Rate limiting is the mechanism that protects your system from being overwhelmed. It controls how many requests a client can make in a given time period, ensuring fair access for all users while protecting backend services from abuse.

At the API Gateway, rate limiting is implemented at the edge—before requests reach your services. This is the most efficient place to reject excess traffic, preventing wasted resources on requests that would eventually fail anyway.
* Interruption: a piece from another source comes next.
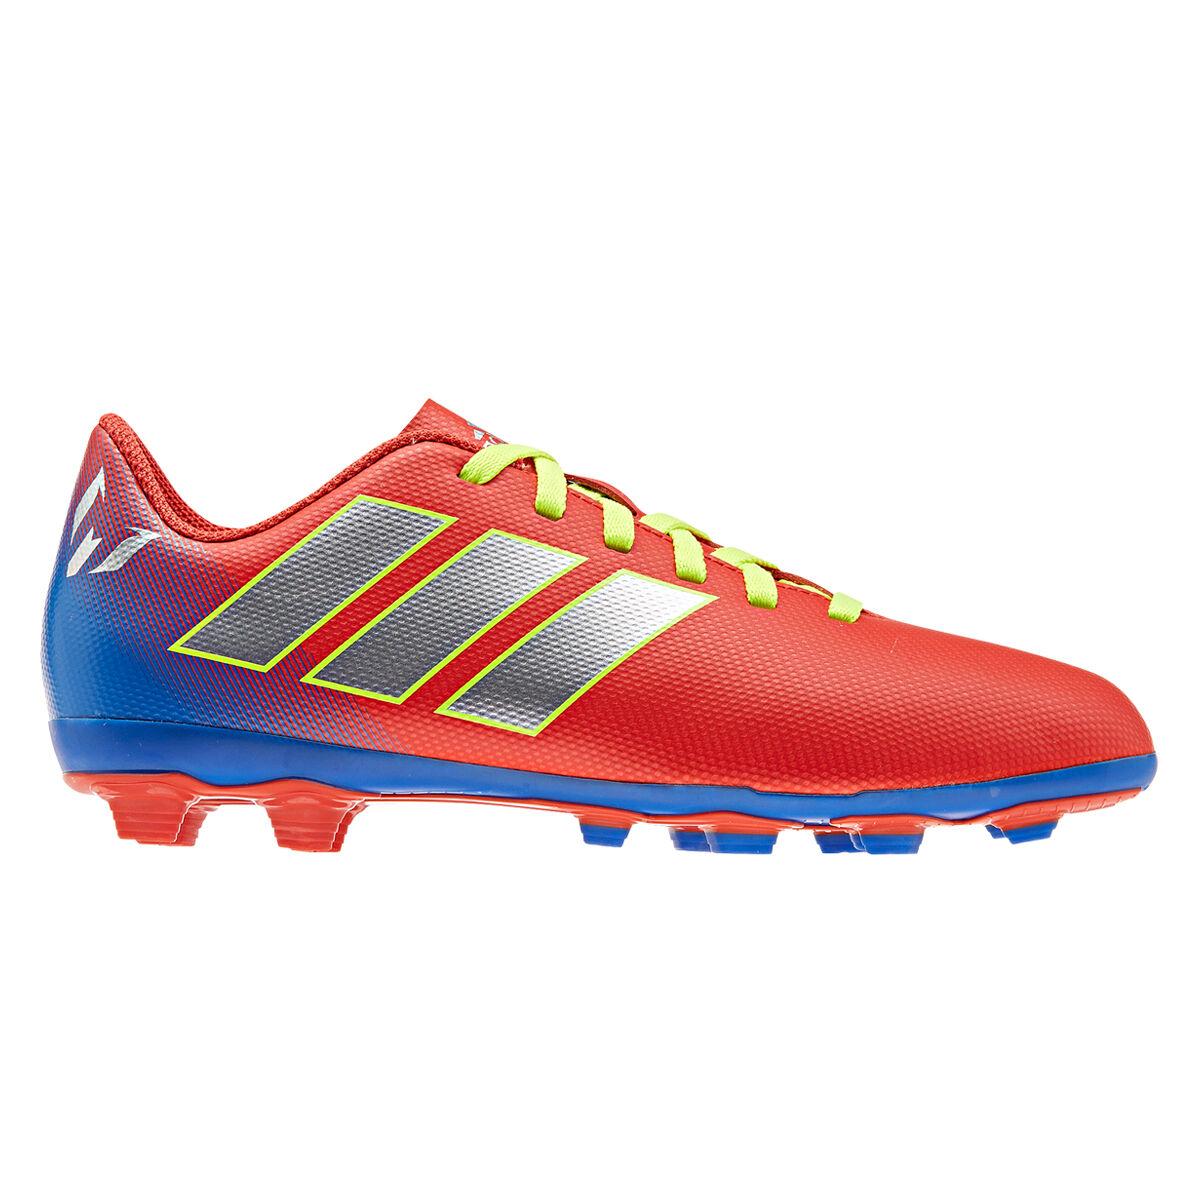 Silver Red Football Kids Us Nemeziz 11 Adidas Messi Boots 4 18 wgRn8qS

This page provides a comprehensive exploration of rate limiting strategies, algorithms, and implementation patterns for production-grade systems.

What You Will Learn

By the end of this page, you will understand rate limiting algorithms (token bucket, leaky bucket, sliding window), distributed rate limiting challenges, client identification strategies, response handling best practices, and how to design rate limiting policies that balance protection with user experience.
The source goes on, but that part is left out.